Sesja Hubrisa

- Tajes. - zatrzymaliście się przy wnęce. Widziałeś, że za jakieś kilka metrów kąt nachylenia torów gwałtownie opada. Wyglądało, że to ostatni przystanek przed zejściem w głąb skorupy tej planety.

- Jakieś trzysta metrów w tamtą stronę zaczyna się zawalisko. Nie majstrujcie przy nim, bo jak rypnie drugi raz to będzie po was. NA razie jest w miarę stabilne, ale na tej lodowej planecie nigdy nie wiadomo.
Młodość i niedojrzałość mijają z czasem, ignorancję pokonać można nauką, a pijaństwo trzeźwością, za to głupota jest wieczna. - Arystofanes
- No to ruszam. Do zobaczenia później. - rzucił na odchodnym, a potem patrzył przez chwilę jak kolejka powoli się oddala, a potem niknie w tunelu.

- Zobaczmy co tutaj mamy - powiedział przyglądając się miejscu, w którym się znaleźli.

Podszedł do jednej ze ścian i opukał ją delikatnie. Następnie wyciągnął skaner i zaczął badać skład chemiczny otoczenia. Powolnym krokiem przesuwał się w stronę właściwego osuwiska, zwracając uwagę na jakieś twory, które mogłyby odstawać od normy. Co jakiś czas patrzył się za siebie, upewniając się czy kroganin jest za nim. Nie, żeby go nie słyszał, ale w jakimś stopniu go to uspokajało. Skanowanie szło mu całkiem sprawnie, choć z drugiej strony nie wymagało to zbyt wiele filozofii. Gdy tylko przykładał urządzenie do formacji skalnej na niewielkim ekranie pojawiał się wykres ukazujący zawartość procentową danego pierwiastka. Czasami, gdy skaner pokazywał, że któryś z pierwiastków przekraczał normę, wykonywał mały nawiert, aby pobrać próbkę z wnętrza skały, choć spodziewał się, że część z tych niezgodności mogła być robotą górników.

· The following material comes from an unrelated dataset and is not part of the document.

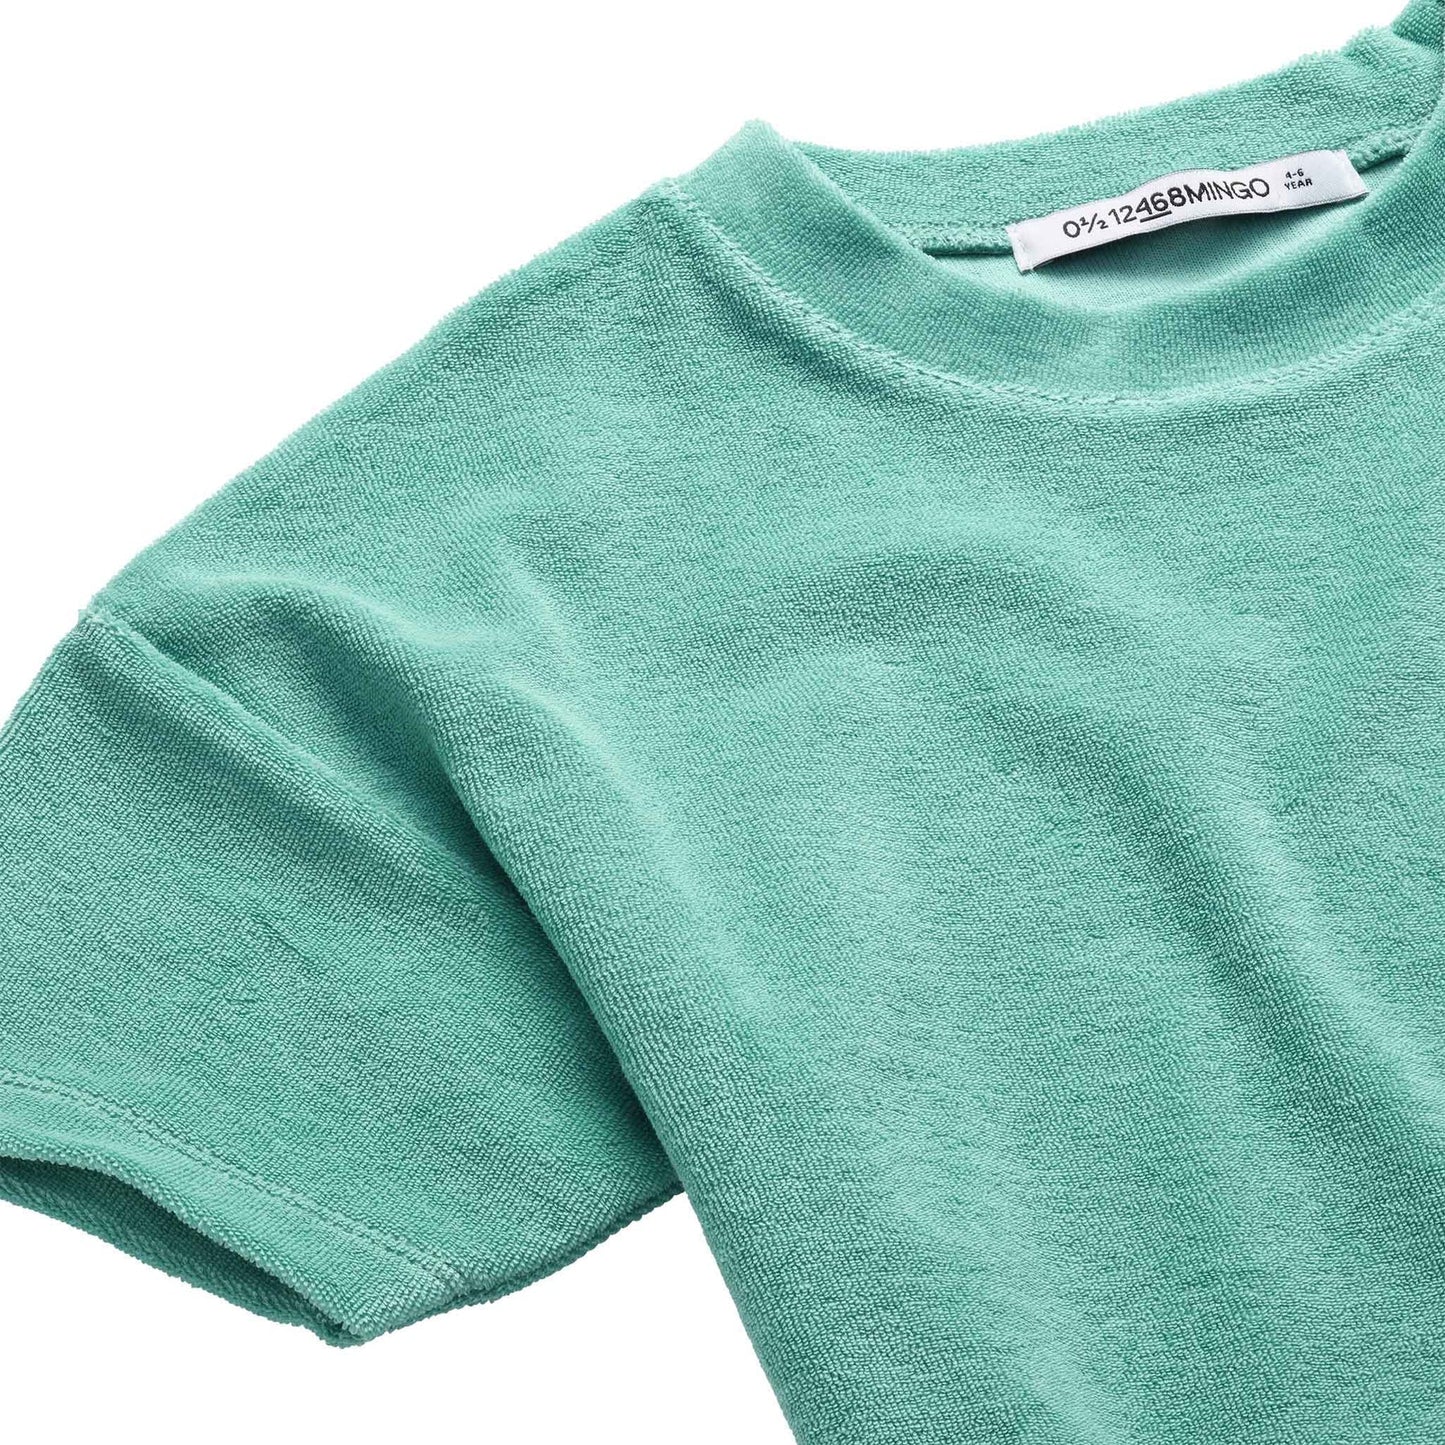 MINGO T-Shirt Emerald Sea ALWAYS SHOW

Dziwną rzeczą u Raza było to, że kiedy był pochłonięty pracą, stawał się odważniejszy i śmiały. To tak jakby cała jego logiczna półkula mózgowa była zajmowana w całości przez czynność której się poddawał, zostawiając abstrakcyjną część samopas. W efekcie, w trakcie badania zapytał Gormota. - Jak to się stało, że zostałeś przydzielony jako ochrona do osoby, której nie znasz, w kopalni na tej zlodowaciałej planecie?
Kroganin wypluł z siebie jakiś pseudodowcipny, prymitywny komentarz w stronę sztygara, gdy ten odjeżdżał z resztą pracowników.

Podczas gdy ty robiłeś swoje pomiary, on drapał się kroczu, chrumczał i generalnie dawał do zrozumienia, że wyobrażał sobie ochroniarską robotę jako bardziej porywającą. Twoje pytanie wydało się ujść niezauważone, podczas gdy on rozmyślał o niebieskich migdałach.

Na szczęście pomiary poszły c całkiem sprawnie, przynajmniej w tej części korytarza. Chociaż na obecność bardziej zaawansowanych mikroorganizmów i nanobotów nie mogłeś testować próbek poza laboratorium, wiedziałeś, że nie są zanieczyszczone niczym oczywistym - poza toksynami obecnymi w atmosferze Tamgauty i rudzie kopalnianej. Korytarz ciągnął się dalej w mroku, co zauważyłeś bez entuzjazmu. Widocznie przy tąpnięciu zerwane zostały linie energetyczne.
Młodość i niedojrzałość mijają z czasem, ignorancję pokonać można nauką, a pijaństwo trzeźwością, za to głupota jest wieczna. - Arystofanes
- Tu nic nie ma. Musimy iść dalej. - rzucił w stronę ochroniarza, mając nadzieję, że chociaż to usłyszy. Włączył latarki zamontowane w kombinezonie i powoli ruszył w stronę ciemnego korytarza. Zatrzymywał się tylko przy znaleziskach znacznie odbiegających od normy.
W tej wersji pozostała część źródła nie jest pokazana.